Though Reiki taps into some very ancient beliefs and customs its origins are relatively recent. It’s generally acknowledged that its first practitioner was a Buddhist monk called Mikao Usui who was born in 1865 in the small village of Tania, Gifu Prefecture, Japan.
As a young man at a Buddhist temple on Mount Kurama north of Kyoto, Usui became a keen student of Kiko, the lesser known Japanese version of the Chinese art of Chi Kung – which was aimed at improving health through alternative medicine practices such as meditation, breathing exercises and movement.

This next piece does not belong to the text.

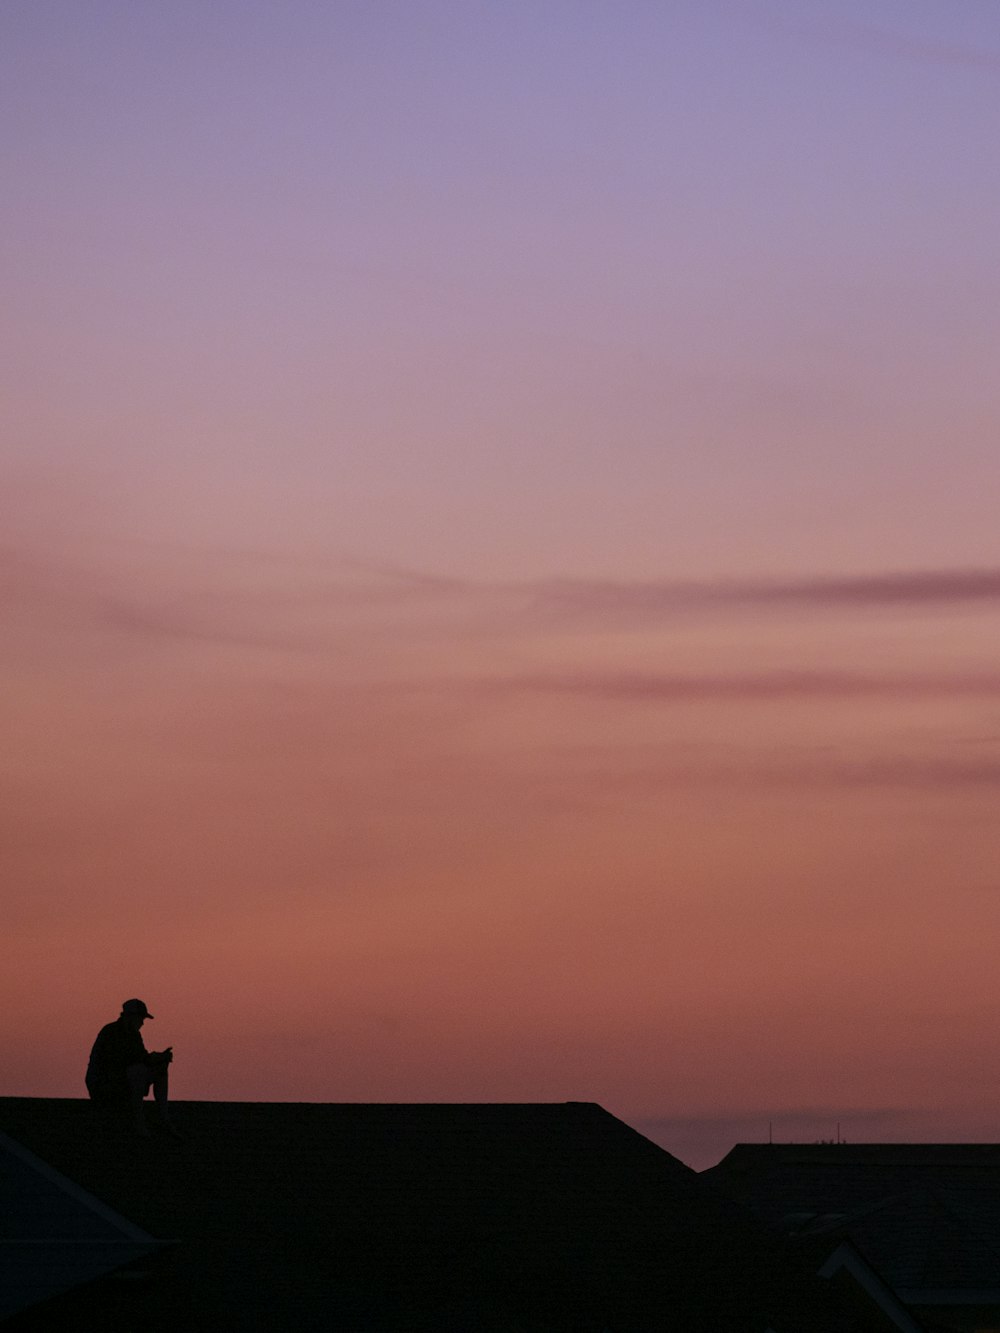 Un homme assis sur un toit à côté d’un cerf-volant

But he also developed a keen interest in other systems and beliefs and was believed to have traveled extensively around Japan, China and even as far as Europe and the U.S., where he sought out to educate himself in various religious and spiritual beliefs as well as more Western fields such as psychology and what we might now refer to as ‘Western medicine’. It is said for example that during his time in America he earned a doctorate of theology from the University of Chicago.
In Japan, even before he developed Reiki, he began to become recognized for his burgeoning knowledge of the world around him and many influential people had already started to seek out his guidance. Eventually he was to become a secretary to Shinpel Goto, the president of Kyoto, and might have been well on his way to becoming an establishment figure but after a time he became disillusioned with his new stature in life and returned to Mount Kurama, where he had first studied Kiko as a young man.
There he began a 21-day retreat on the mountain where he fasted, sang, prayed and meditated. It is believed that one of these meditations had been to stay under a waterfall for long periods of time to allow the cascades of water to fall on his head thereby opening and purifying the Crown chakra, a practice that is still performed today by the monks of the Kurama Temple.
It was then at the end of this retreat, in March 1922, that Mikao Usui had what in Reiki circles is called his Satori or enlightenment experience, where he learned how to tune the Single Life Energy (Ki), with the Universal Life Energy (Rei). Thus he was to become the first practitioner of what is now known as Reiki. Usui spent some time testing this system as a way to increase mental, physical and spiritual wellbeing in individuals, first on himself and those around him until finally, in April 1922, he opened a Reiki school. A school that still exists today the Usui Reiki Ryoho Gakkai in Tokyo.
Usui was to open many other Reiki schools in Japan. And it was in one of these schools, in Fukuyama, that he suffered a stroke and died in April of 1926, thereby leaving his message of healing and hope to be passed on by some of the over 2000 students that he personally taught. Some of these students became Reiki masters until his tutelage, and in subsequent decades some of them then made the journey to the West, to spread his philosophy and teachings to a global audience.